Cc: Jonathan Walsh added

comment:3 Changed on Jun 30, 2020 at 9:46:15 AM by Stavros Passas

Hi Sebastian,
I can try to fill in the information for you. the SMP testssuite runs clean. We run RTEMS from https://github.com/RTEMS/rtems/commit/714cb06f18ce2c0df265ada06363d71560f14a3e

We run with 2 cores, >= 4 threads (failure is not seen with less than 4 threads). All threads are pthreads, and are started with PTHREAD_EXPLICIT_SCHED If the threads are not pinned to any processor, we see no issue. If the threads are pinned to (thread_number % 2), after a while (usually 20k-100k iteration) EDF does not schedule any thread -- both cores are running the idle loop. If I change the schedule to the priority affinity SMP scheduler, context switching works as expected.

I also tried to replace pthread_mutex_lock with sem_wait and rtems_semaphore_obtain and all primitives behave the same with EDF.

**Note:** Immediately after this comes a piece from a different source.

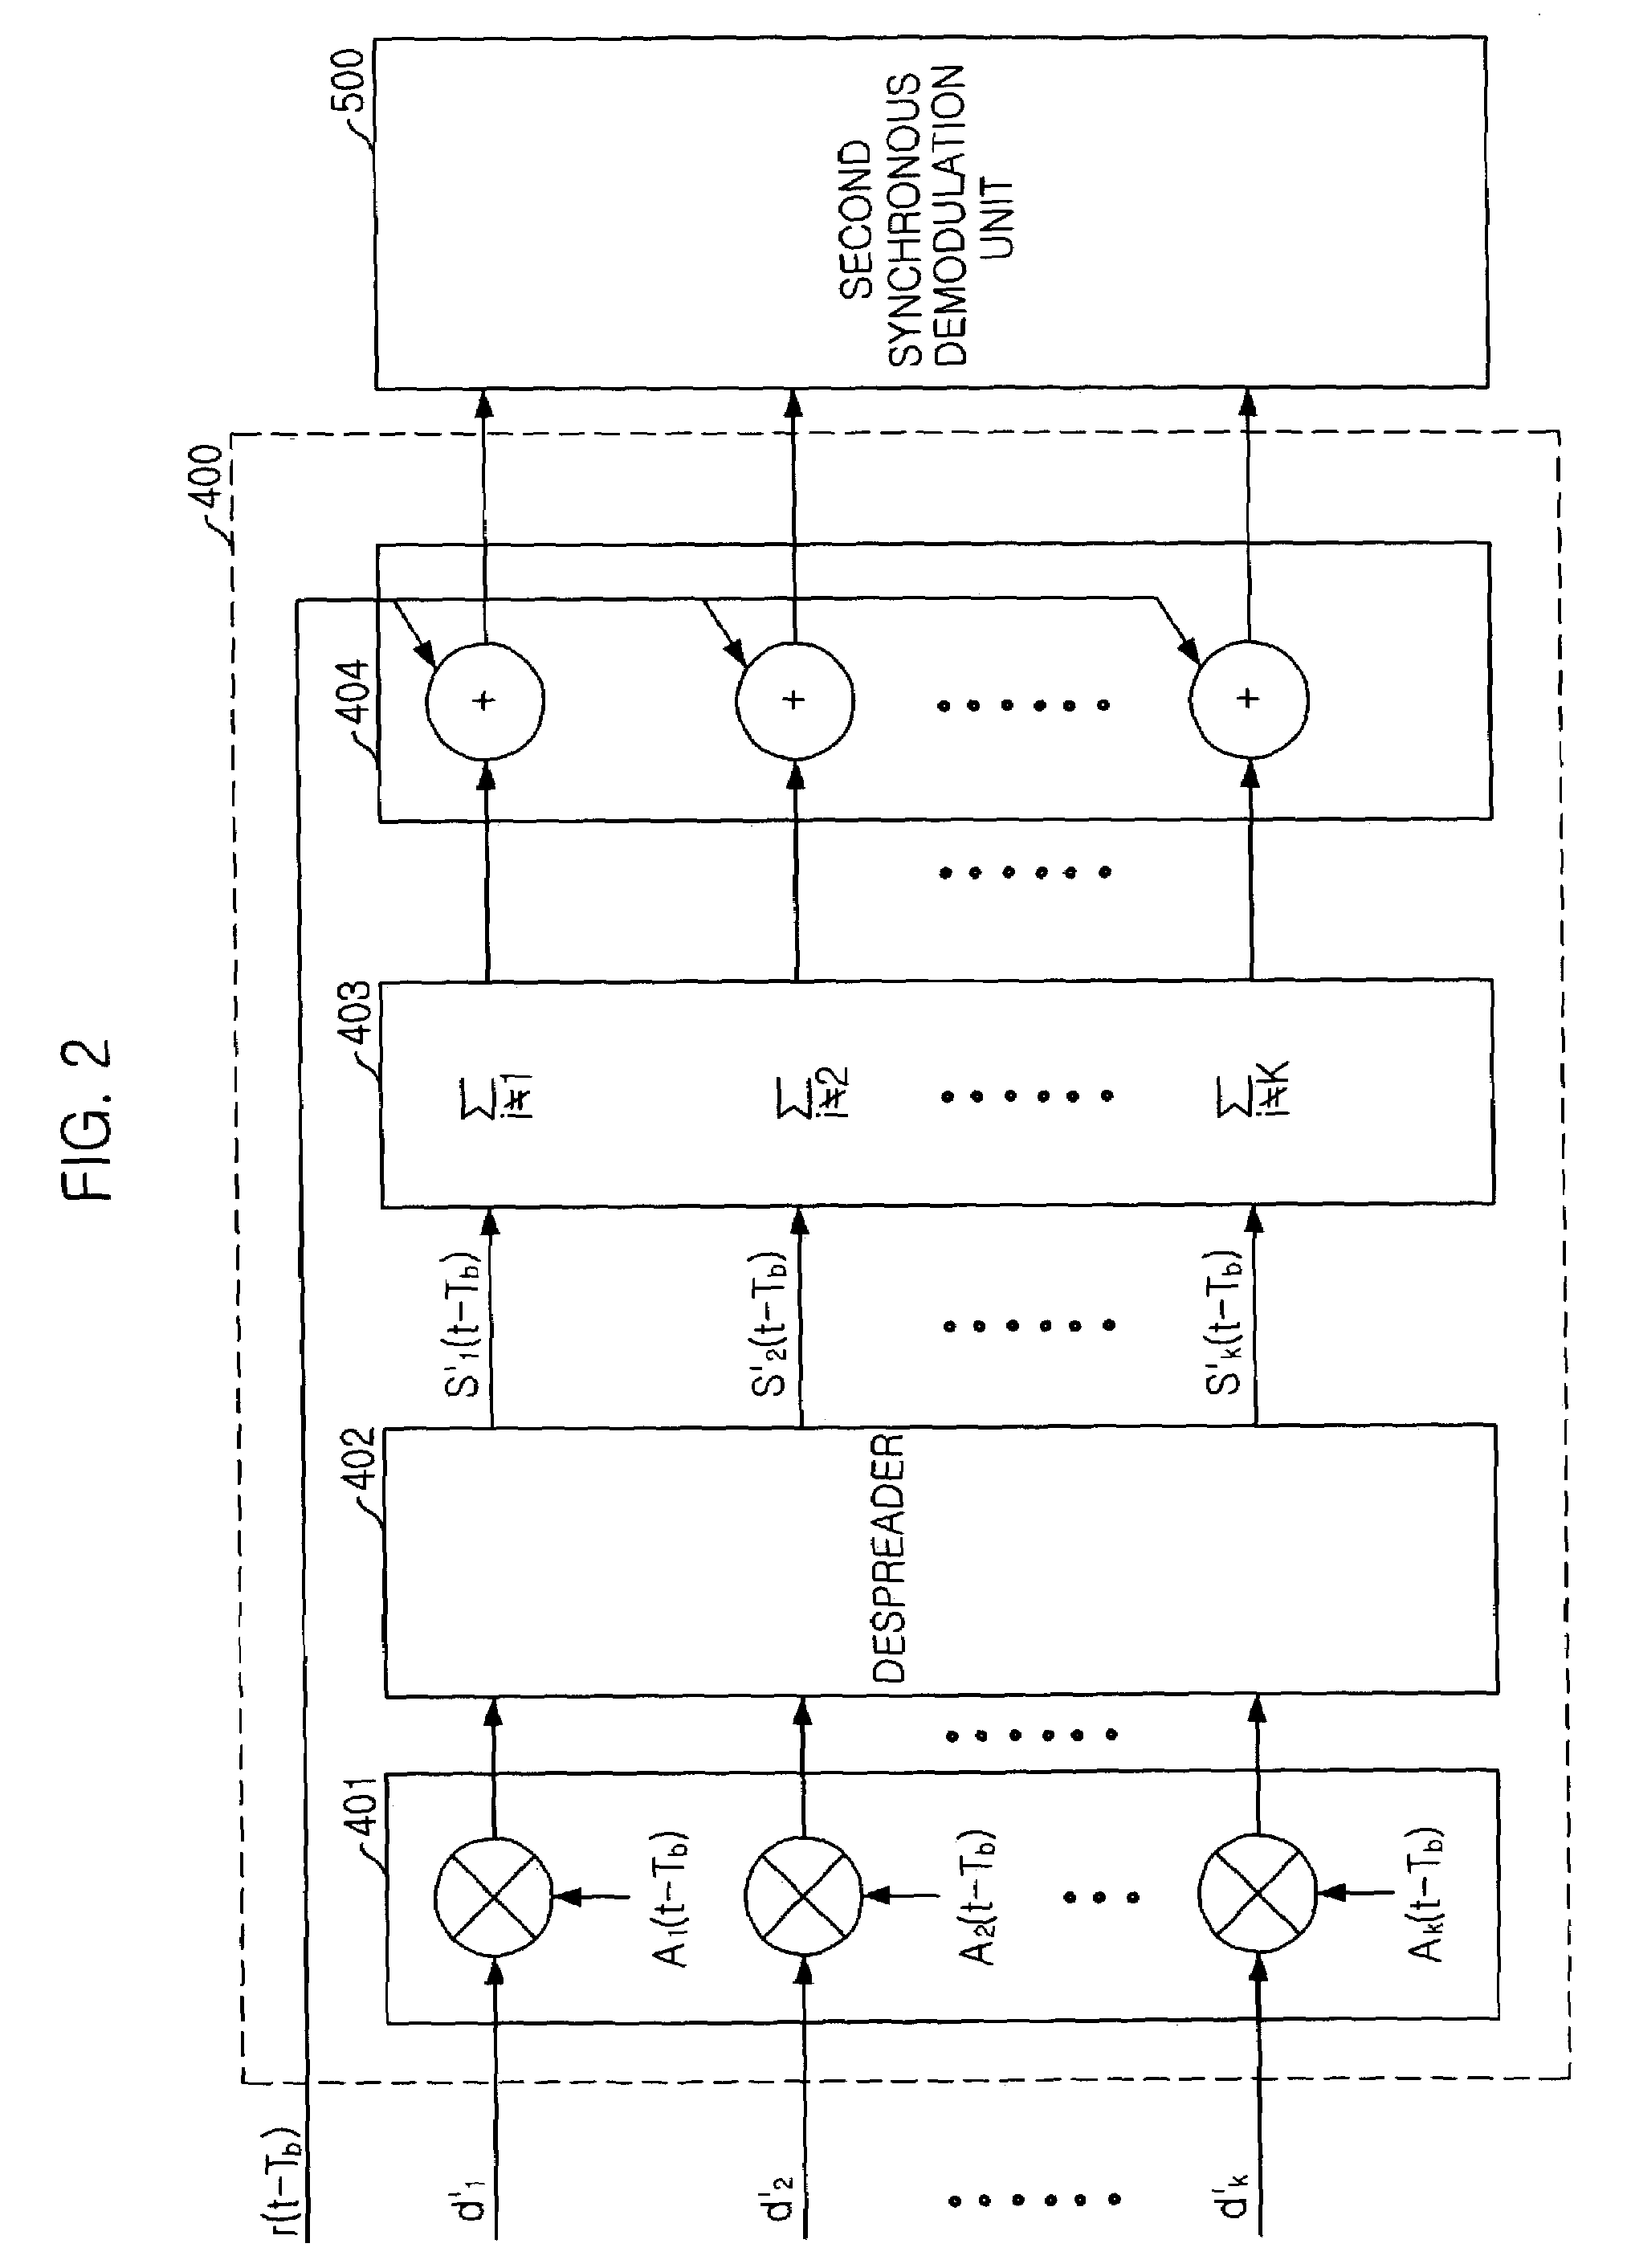 Synchronous demodulation apparatus of base transceiver station in interim standard-2000 system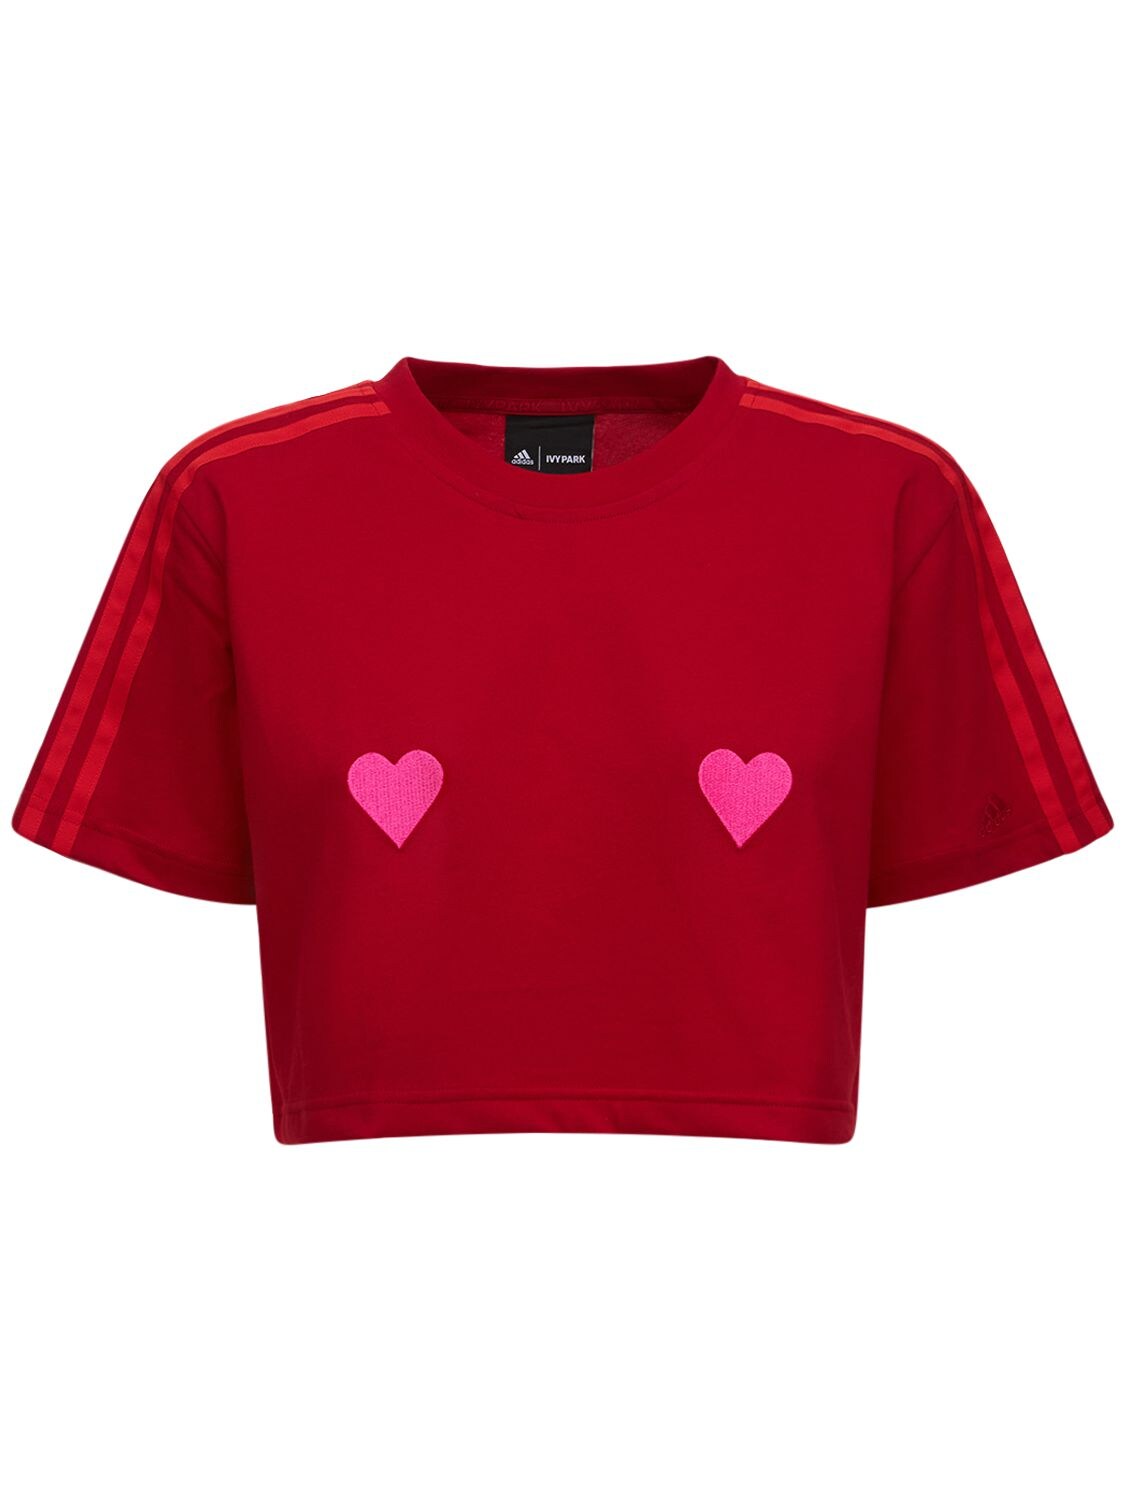 Adidas X Ivy Park Ivy Park Cropped Cotton T Shirt In Red Modesens

comment:4 Changed on Jun 30, 2020 at 9:50:24 AM by Sebastian Huber

The referenced RTEMS commit is from 2017. Can you please try to reproduce this issue with the current master. I will not investigate SMP issues in RTEMS versions prior to the RTEMS 5.1 release as part of my open source project activities.

comment:5 Changed on Jun 30, 2020 at 5:05:13 PM by Stavros Passas

Hi Sebastian,
Thanks for the suggestion; I ported over the failing test on a branch closer to head (I picked https://github.com/RTEMS/rtems/commit/234d155e879d7ca72fa5dd9d29a8347fa294676e as a reference point) and I cannot make the above testcase fail anymore -- scheduling works as happens as expected.

Could you point to some changes that might have changed the scheduler's behavior? I went through the commits touching directly EDF, and I didn't find any fix that could be fixing this.

Thanks a lot,

Stavros

comment:6 Changed on Jun 30, 2020 at 5:17:27 PM by Sebastian Huber

There are a lot of changes between 2017 and 2019. You could try a git bisect to find a relevant commit.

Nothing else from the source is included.